Kata "kerese pese" seringkali tidak familiar bagi masyarakat Indonesia modern. Namun, di masa lalu, kata ini memiliki makna yang sangat spesifik dan memiliki konteks historis yang menarik. Secara umum, "kerese pese" dapat diterjemahkan sebagai "keleseh reseh", yang berarti merasa tidak nyaman atau tidak enak hati.

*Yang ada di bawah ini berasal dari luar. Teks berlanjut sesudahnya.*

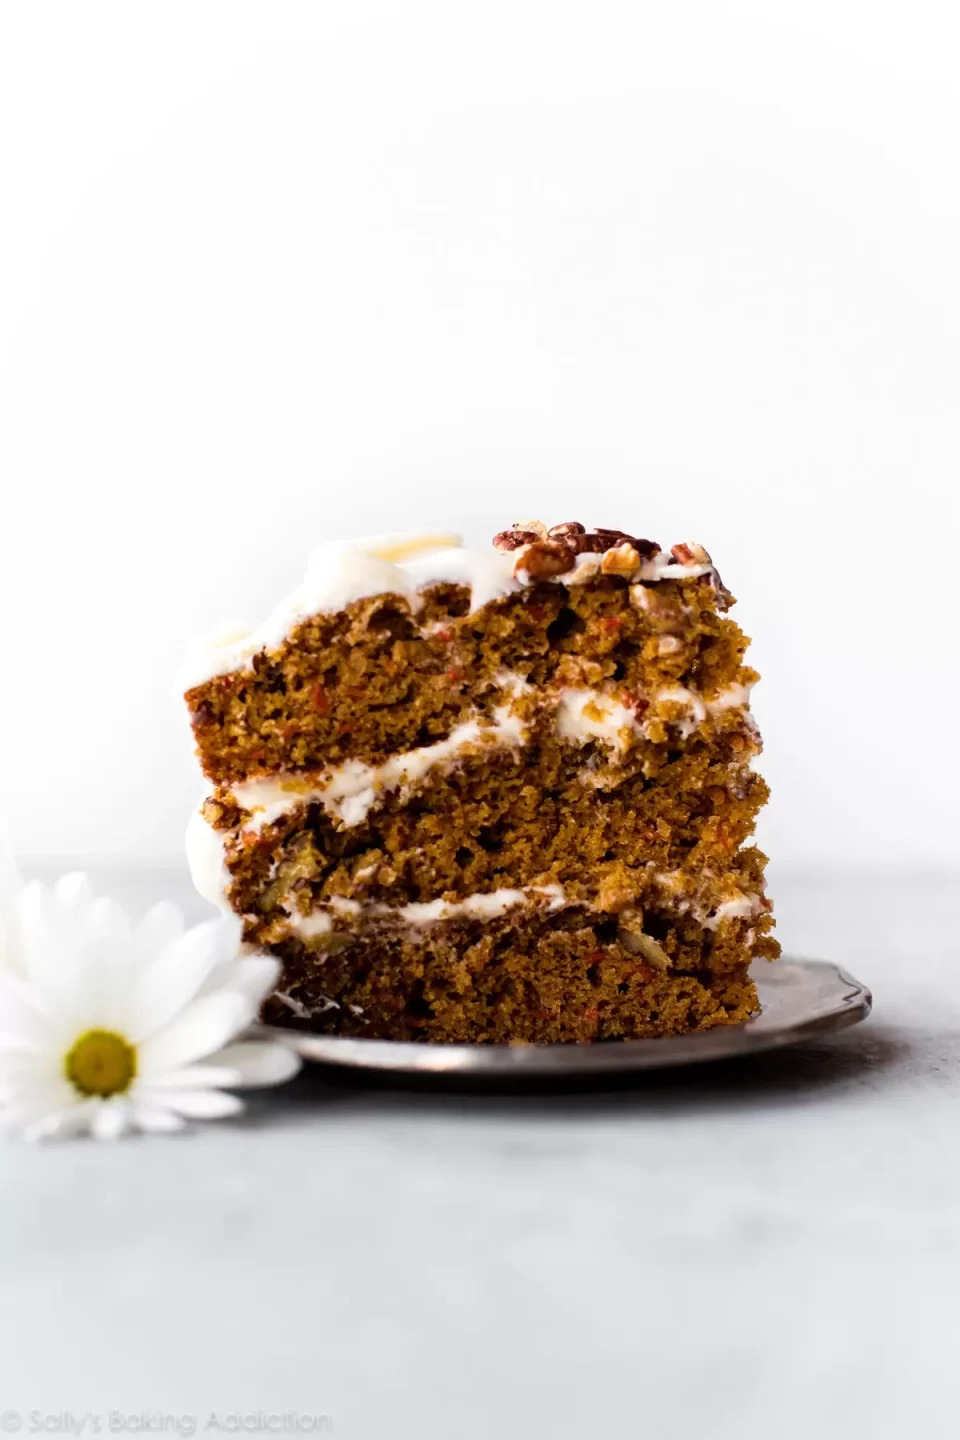 <a href="https://sallysbakingaddiction.com/my-favorite-carrot-cake-recipe/" target="_blank" rel="noopener noreferrer"><strong>Get the "My Favorite Carrot Cake Recipe" from Sally's Baking Addiction</strong></a>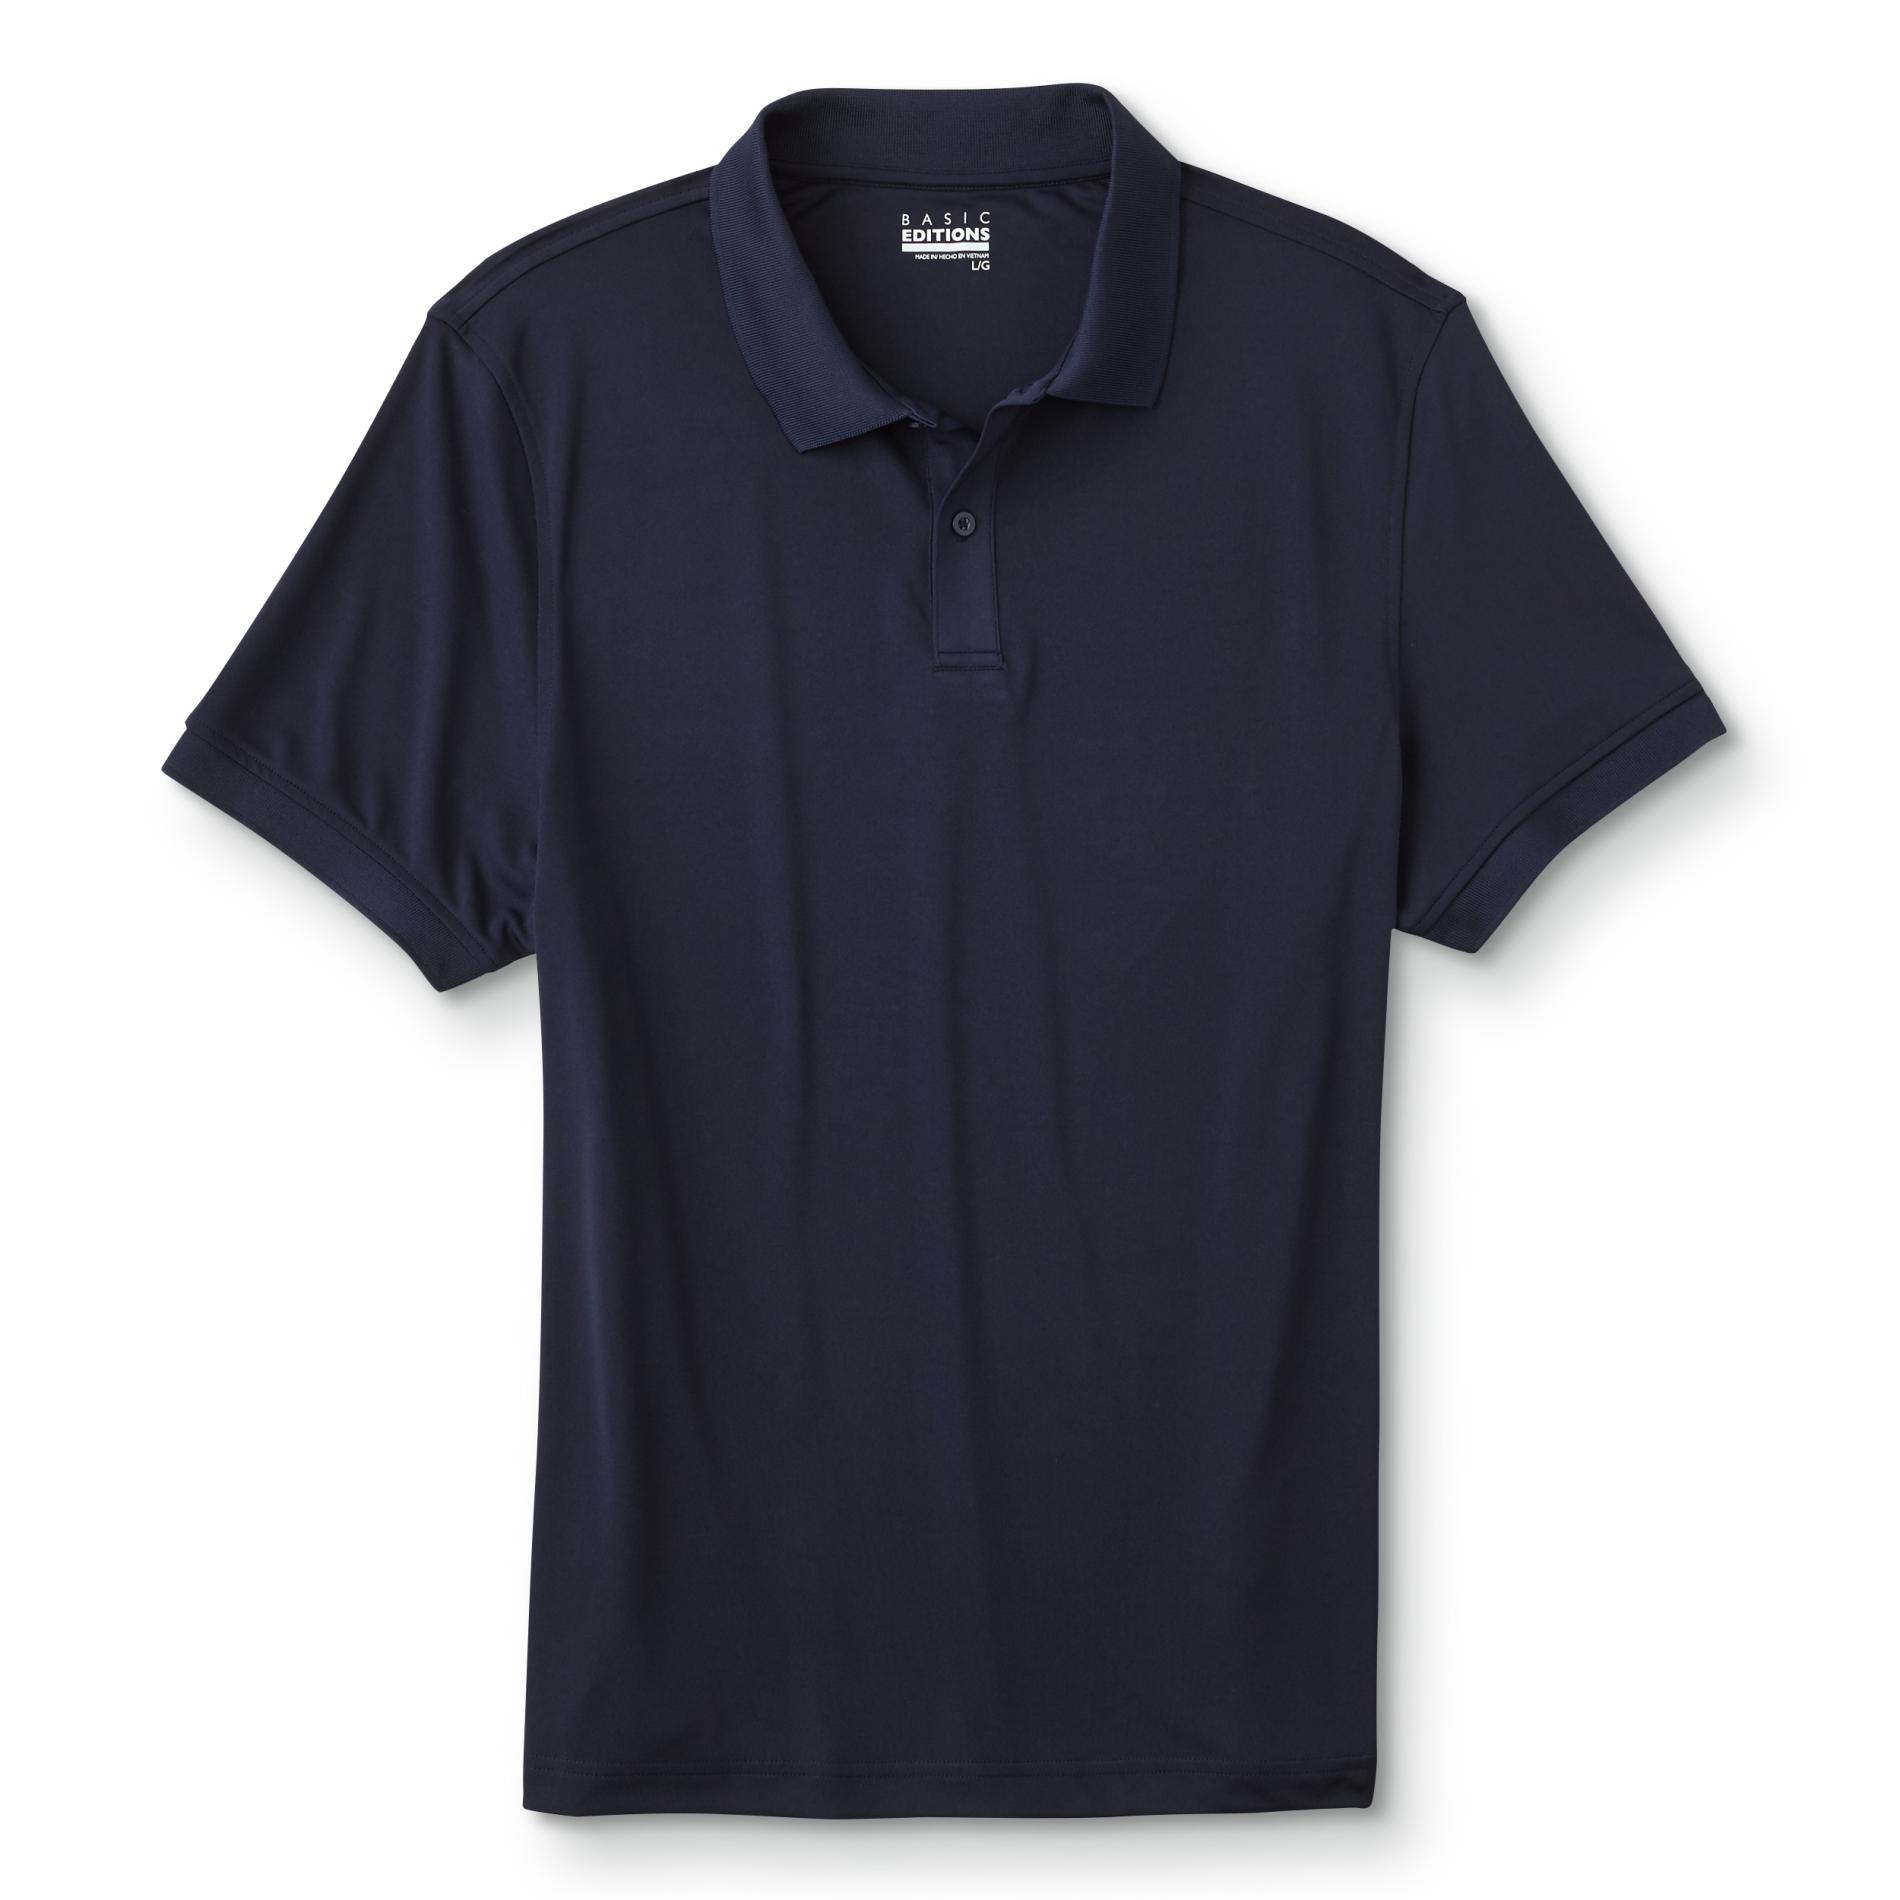 Basic Editions Men's Big and Tall Polo Shirt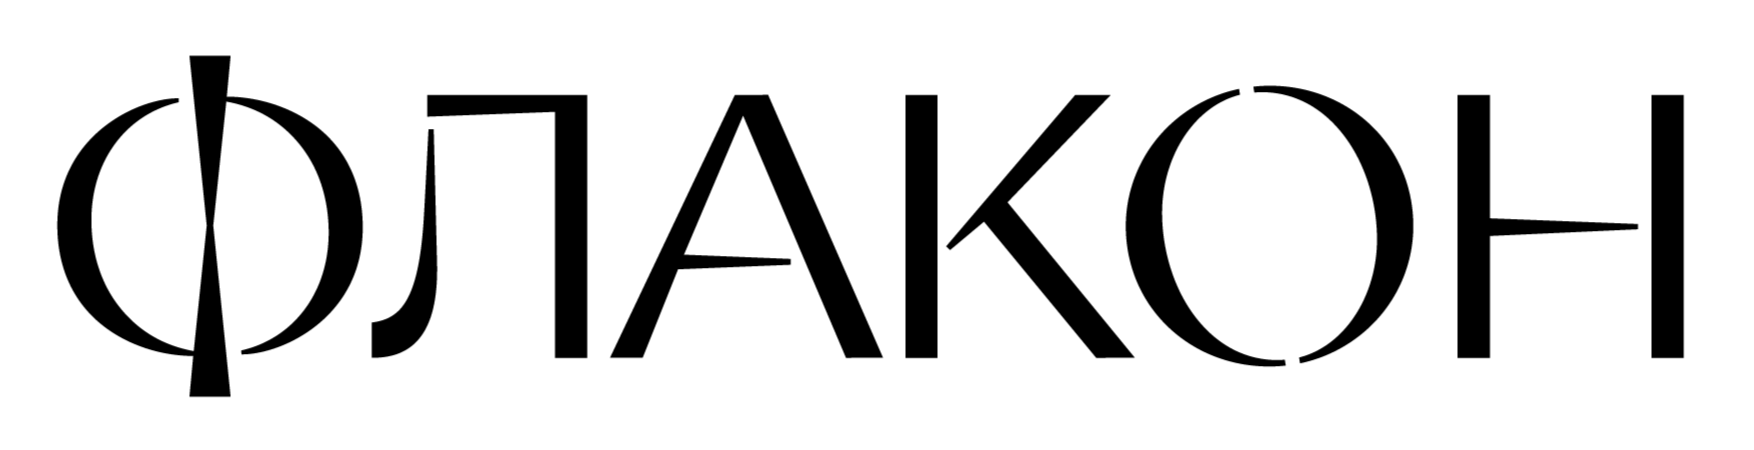 New Logo and Identity for Flacon by Shuka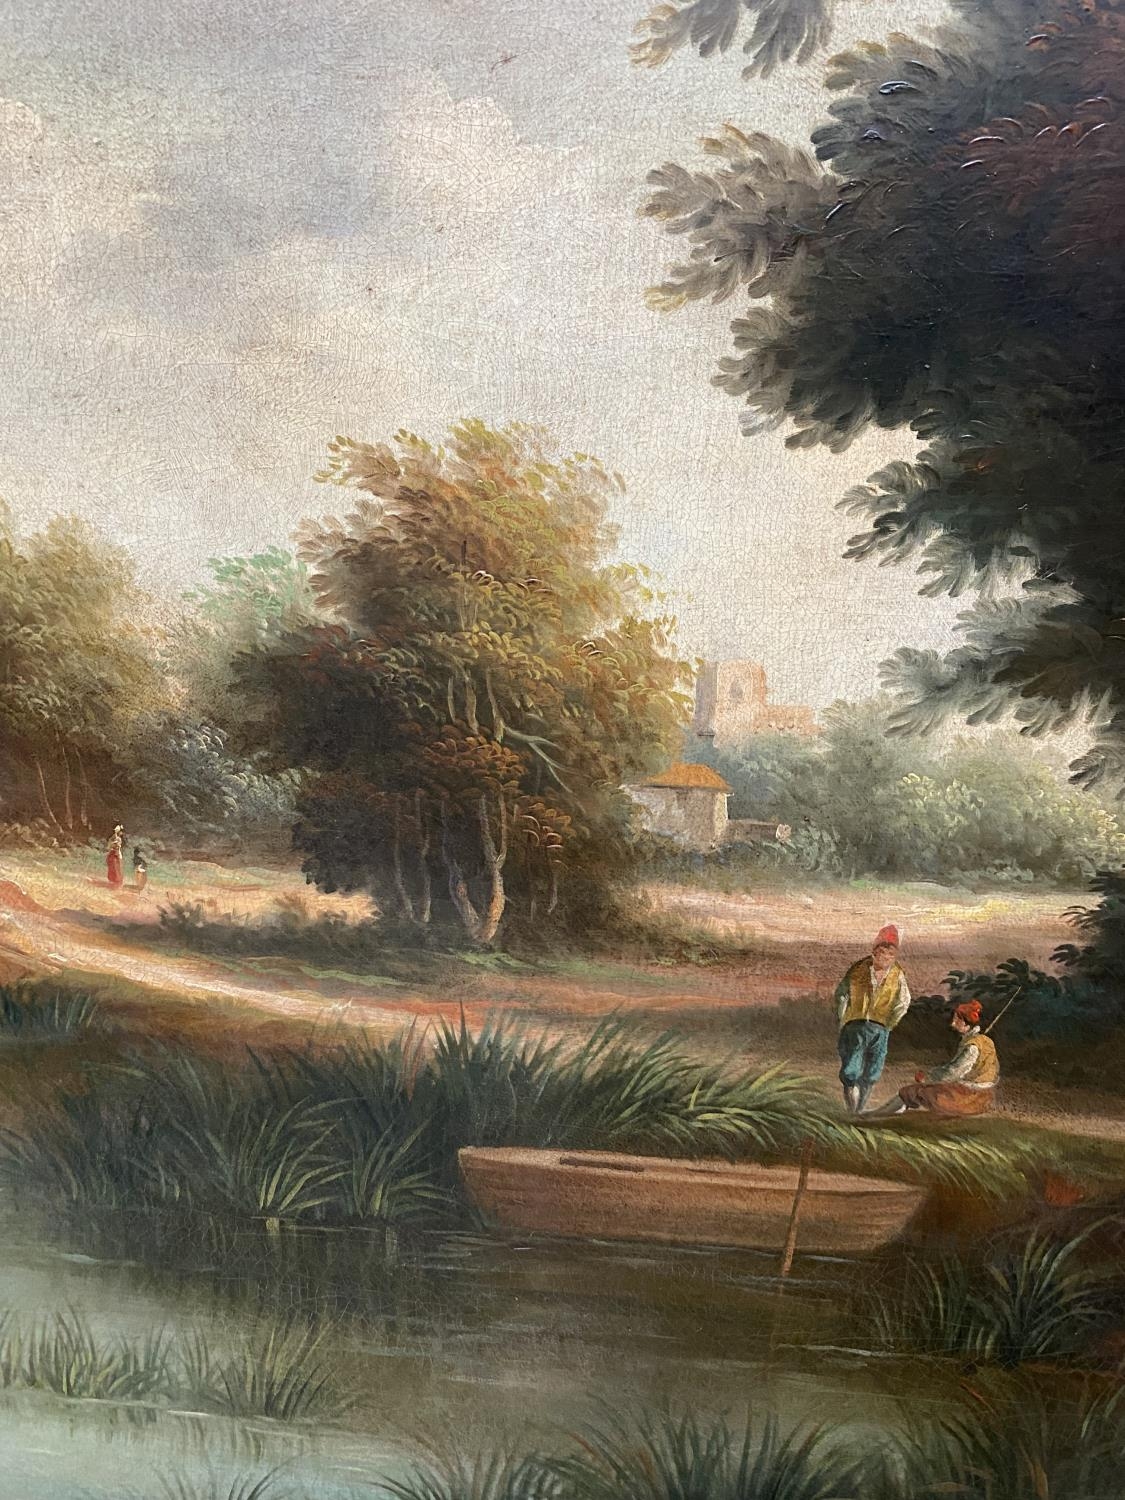 ALLESSANDRO MAFFEI CIRCA 1790-1859, Italian, Oil on canvas, Country River Scene, signed lower right, - Image 4 of 6

Asal Usul Kata "Kerese Pese"

Kata "kerese pese" berasal dari bahasa Jawa, yang merupakan bahasa yang digunakan oleh masyarakat Jawa dan beberapa daerah lainnya di Indonesia. Kata ini digunakan untuk menggambarkan perasaan yang tidak nyaman atau tidak enak hati, seperti merasa sedih, marah, atau tidak puas. Di masa lalu, kata ini seringkali digunakan dalam konteks sosial, seperti dalam peristiwa-peristiwa yang membuat masyarakat merasa tidak nyaman atau tidak enak hati.

Contoh Penggunaan Kata "Kerese Pese"

Berikut beberapa contoh penggunaan kata "kerese pese" dalam kalimat yang alami: - Saya merasa kerese pese ketika mendengar berita tentang bencana alam yang terjadi di daerah lain. - Ibu merasa kerese pese karena putranya tidak pulang ke rumah pada waktu yang ditentukan. - Kami semua merasa kerese pese ketika mendengar berita tentang kejadian yang tidak terduga.

Relevansi Kata "Kerese Pese" dalam Kehidupan Sehari-Hari

Kata "kerese pese" masih memiliki relevansi dalam kehidupan sehari-hari, terutama dalam konteks emosi dan perasaan. Dalam budaya Indonesia modern, kata ini dapat digunakan untuk menggambarkan perasaan yang tidak nyaman atau tidak enak hati, seperti merasa sedih, marah, atau tidak puas. Dengan demikian, kata "kerese pese" masih memiliki nilai dan makna yang signifikan dalam bahasa Indonesia.